### Task requirements
The data is to be repeated exactly, with the images removed.

### Collected data
══════════
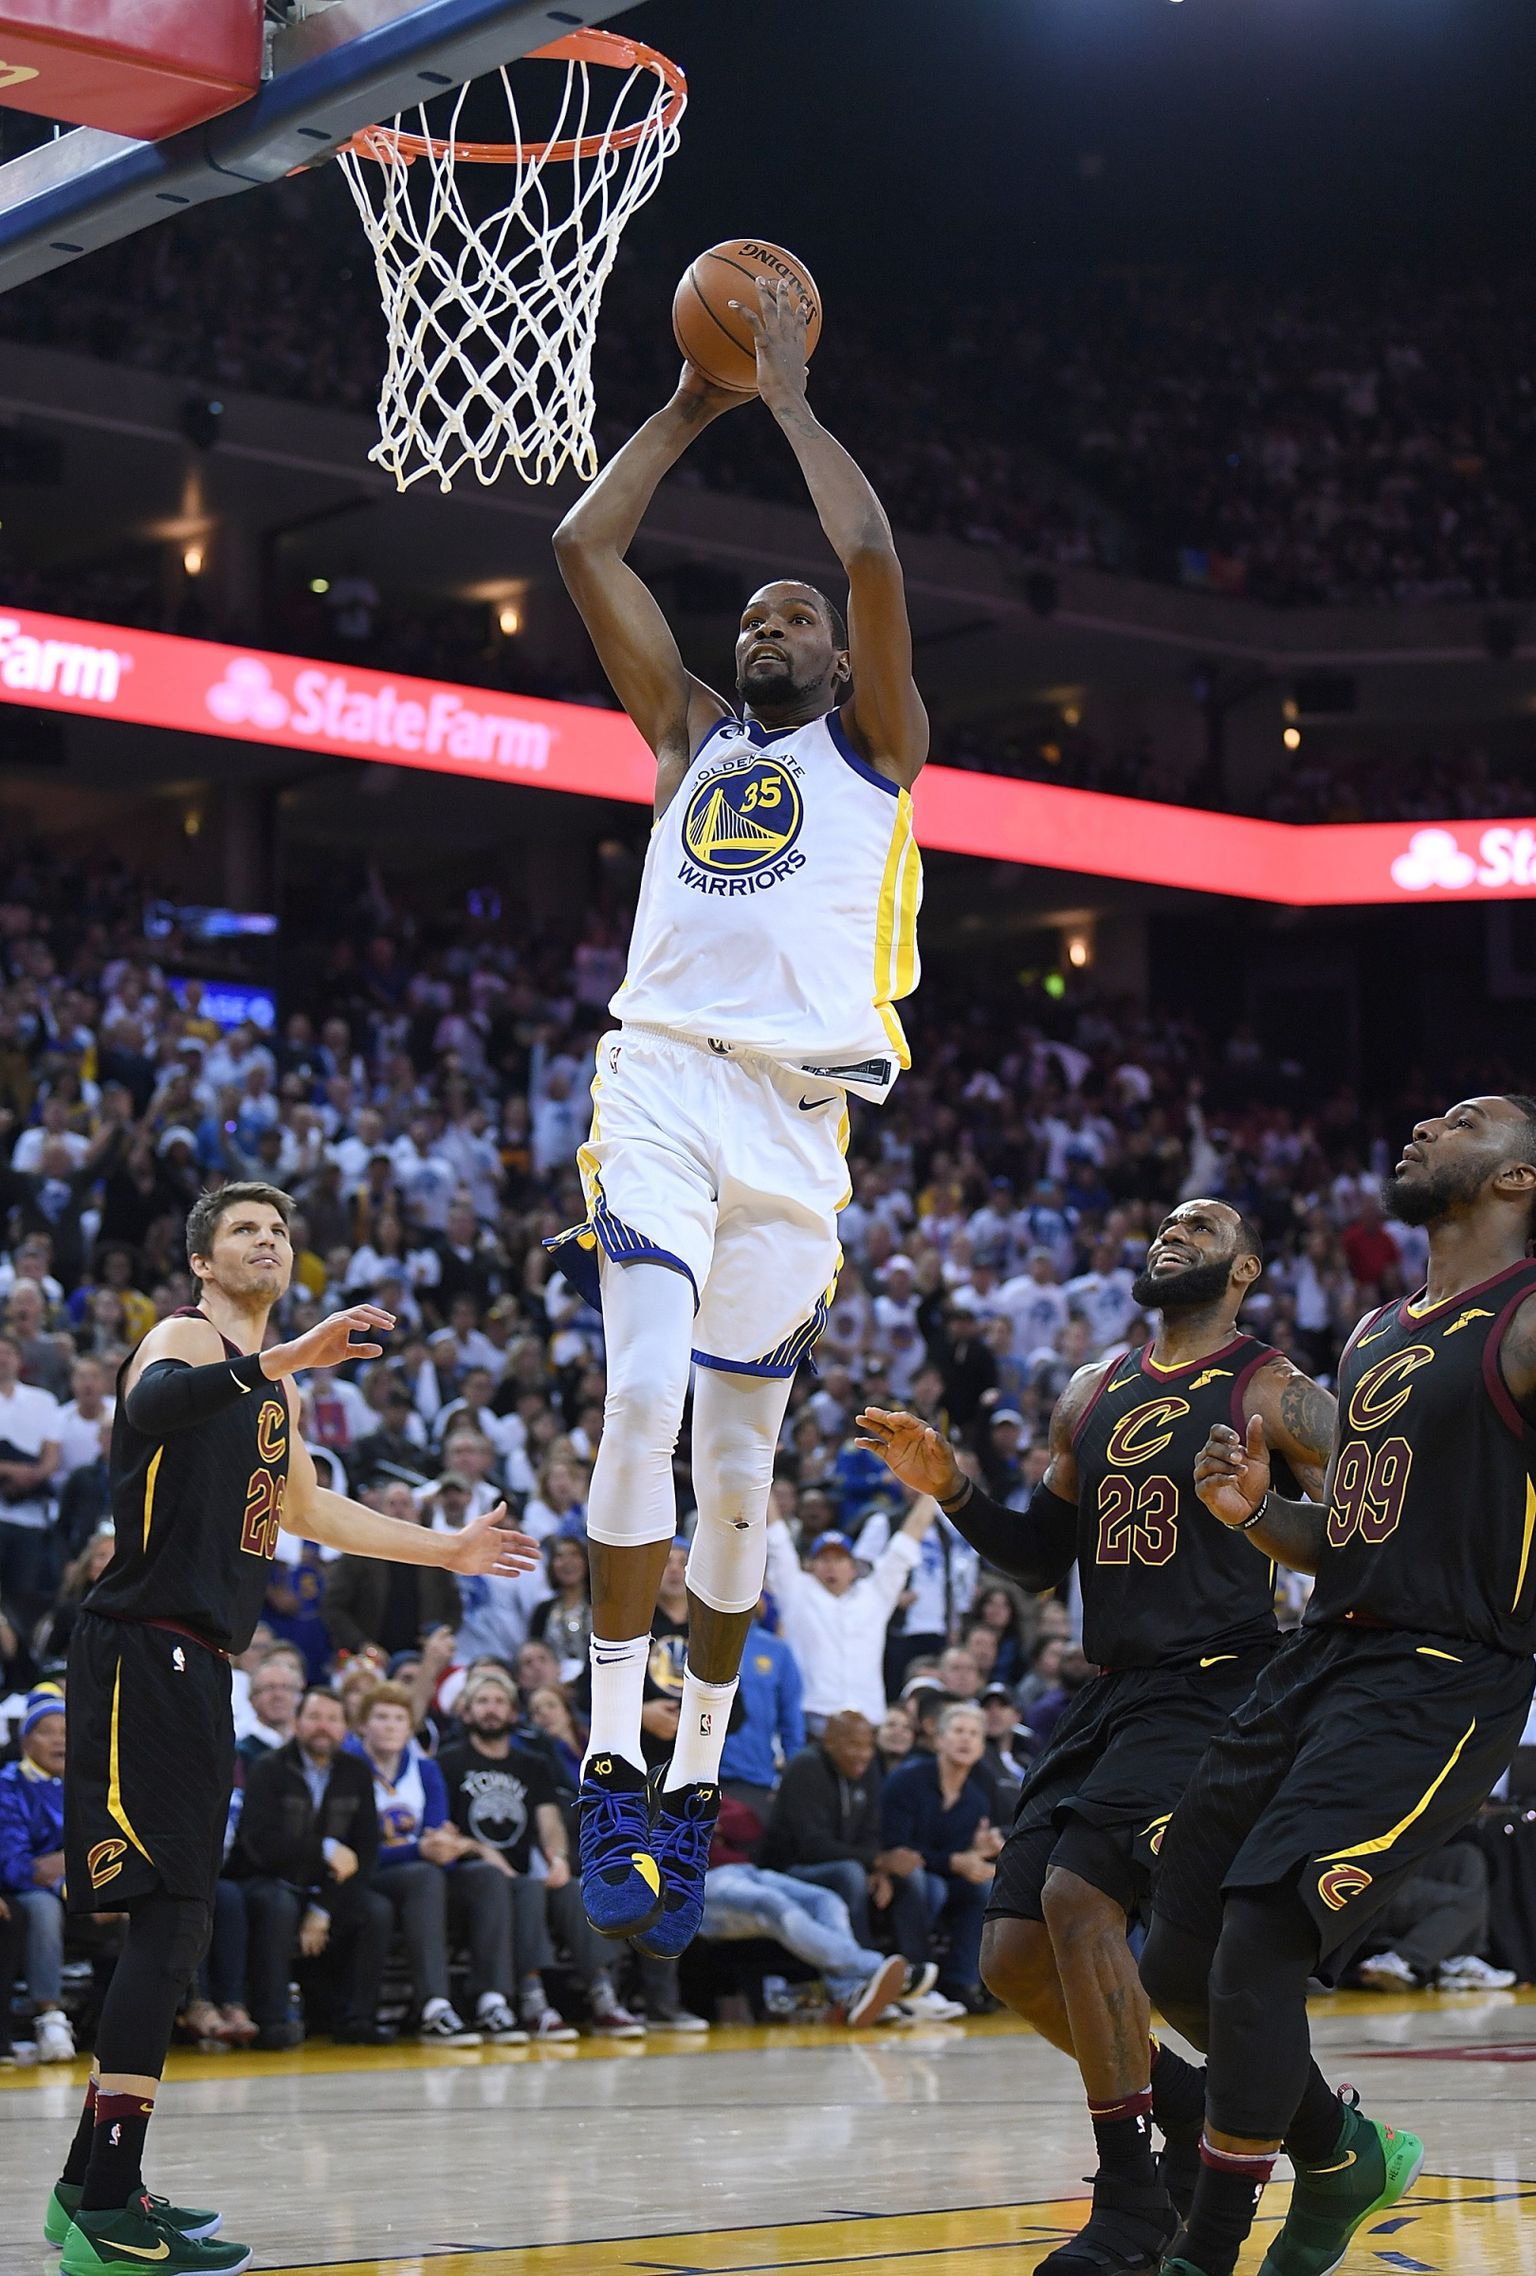 OAKLAND, CA - DECEMBER 25: Kevin Durant #35 of the Golden State Warriors goes up for a slam dunk against the Cleveland Cavaliers during an NBA basketball game at ORACLE Arena on December 25, 2017 in Oakland, California. NOTE TO USER: User expressly acknowledges and agrees that, by downloading and or using this photograph, User is consenting to the terms and conditions of the Getty Images License Agreement.   Thearon W. Henderson/Getty Images/AFP
== FOR NEWSPAPERS, INTERNET, TELCOS & TELEVISION USE ONLY ==
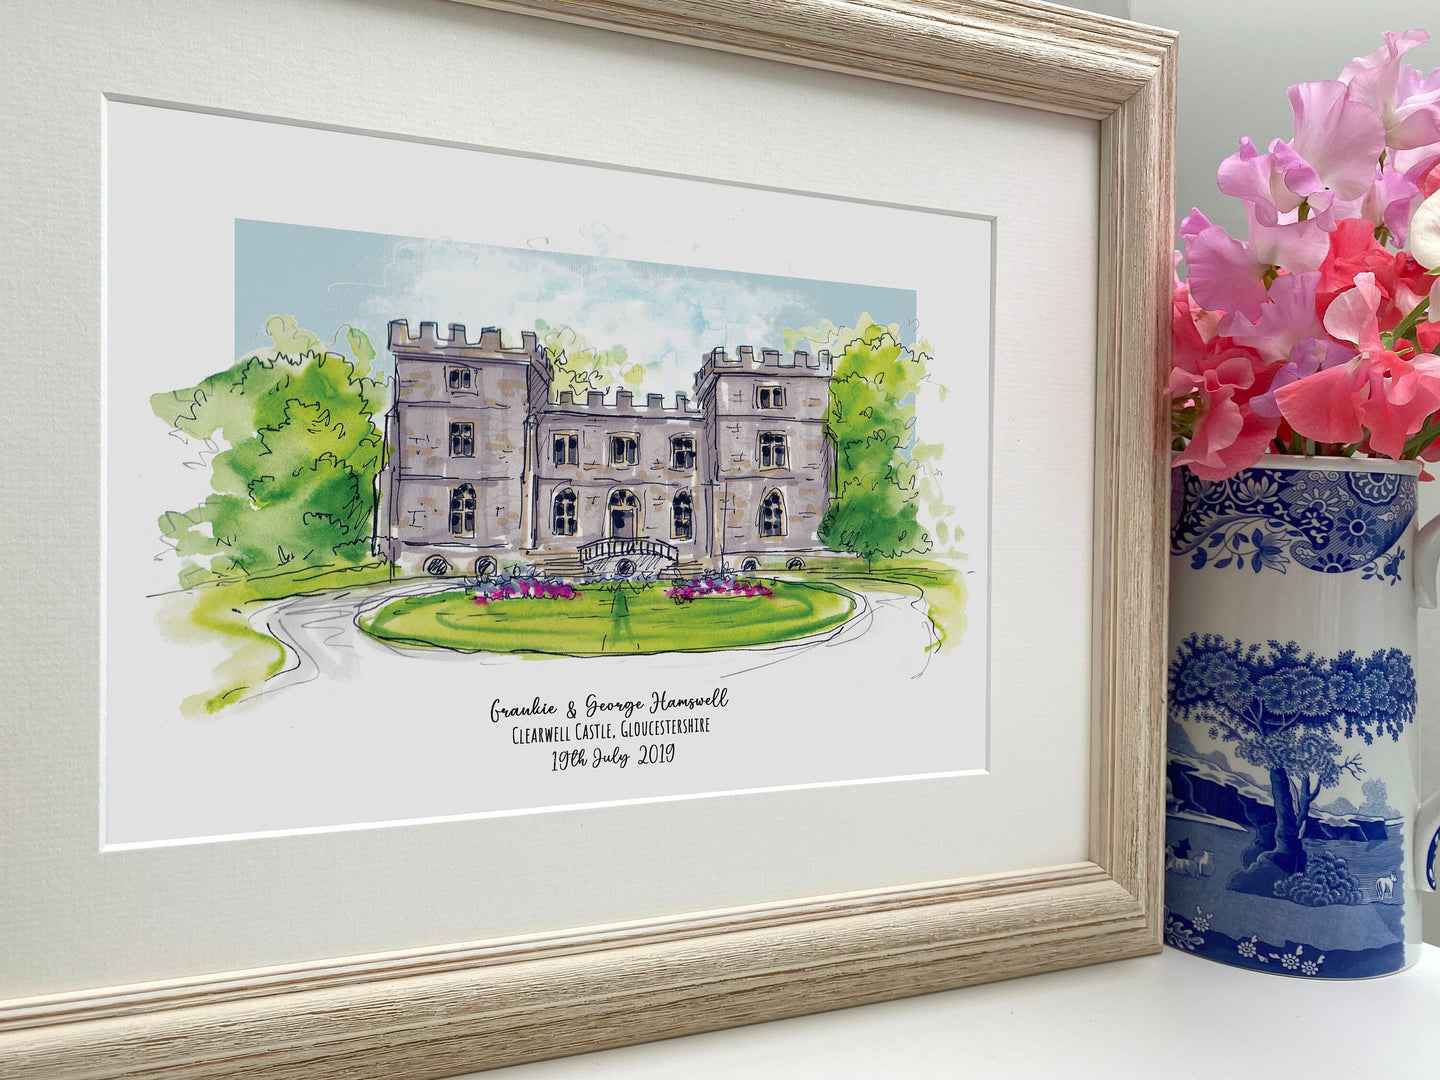 Personalised Clearwell Castle Art Giclee Print - Clearwell Castle Wedding Venue - Wedding Illustration - Clearwell Castle Gloucester Wedding
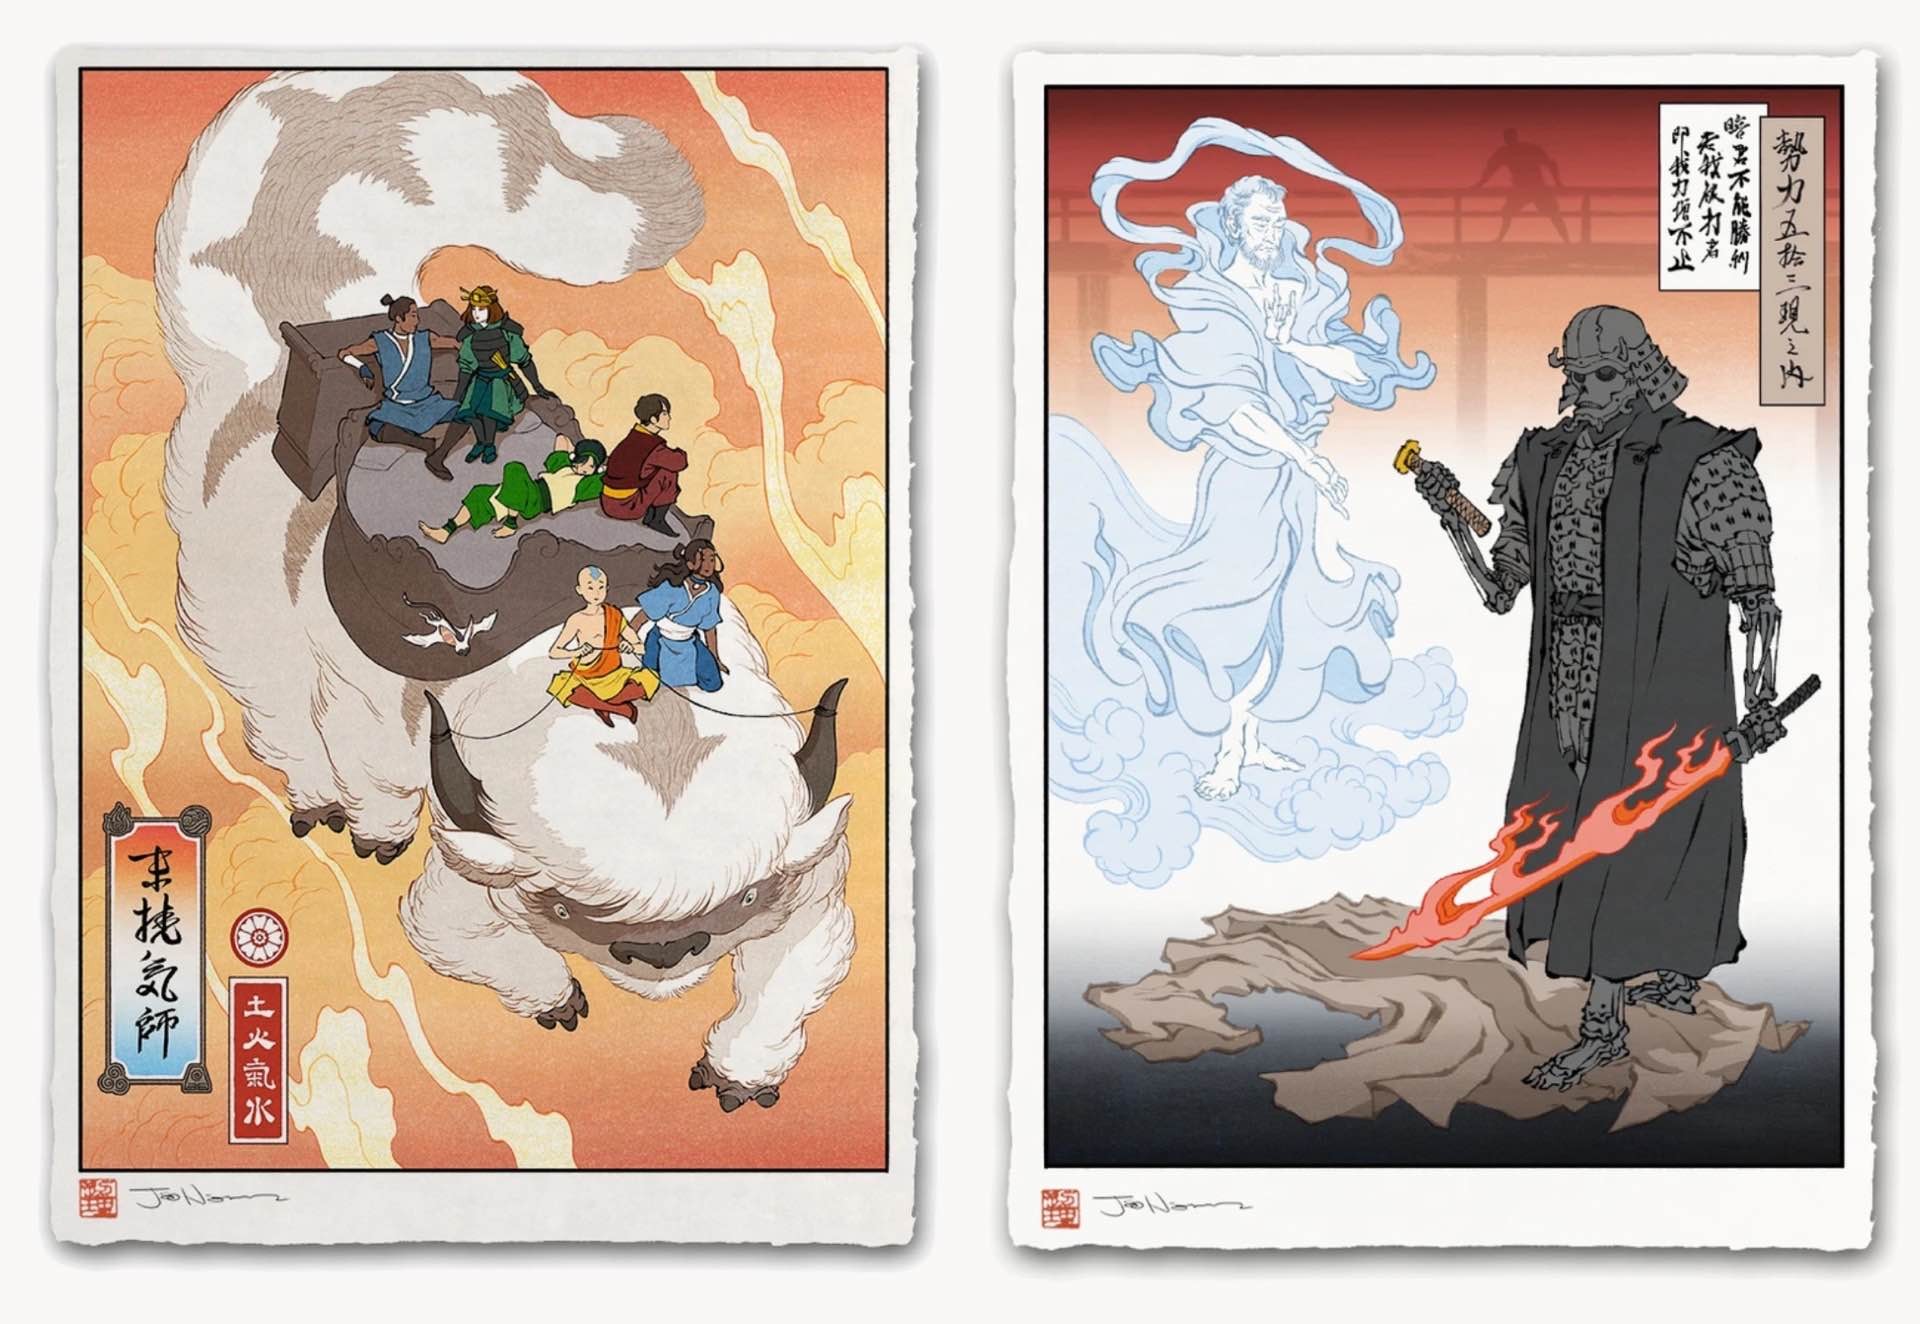 Pictured here are prints based on Avatar: The Last Airbender (“True Companions”) and Star Wars (“Struck Down”).
══════════
### Solved exercise
 OAKLAND, CA - DECEMBER 25: Kevin Durant #35 of the Golden State Warriors goes up for a slam dunk against the Cleveland Cavaliers during an NBA basketball game at ORACLE Arena on December 25, 2017 in Oakland, California. NOTE TO USER: User expressly acknowledges and agrees that, by downloading and or using this photograph, User is consenting to the terms and conditions of the Getty Images License Agreement.   Thearon W. Henderson/Getty Images/AFP
== FOR NEWSPAPERS, INTERNET, TELCOS & TELEVISION USE ONLY ==
 Personalised Clearwell Castle Art Giclee Print - Clearwell Castle Wedding Venue - Wedding Illustration - Clearwell Castle Gloucester Wedding
 Pictured here are prints based on Avatar: The Last Airbender (“True Companions”) and Star Wars (“Struck Down”).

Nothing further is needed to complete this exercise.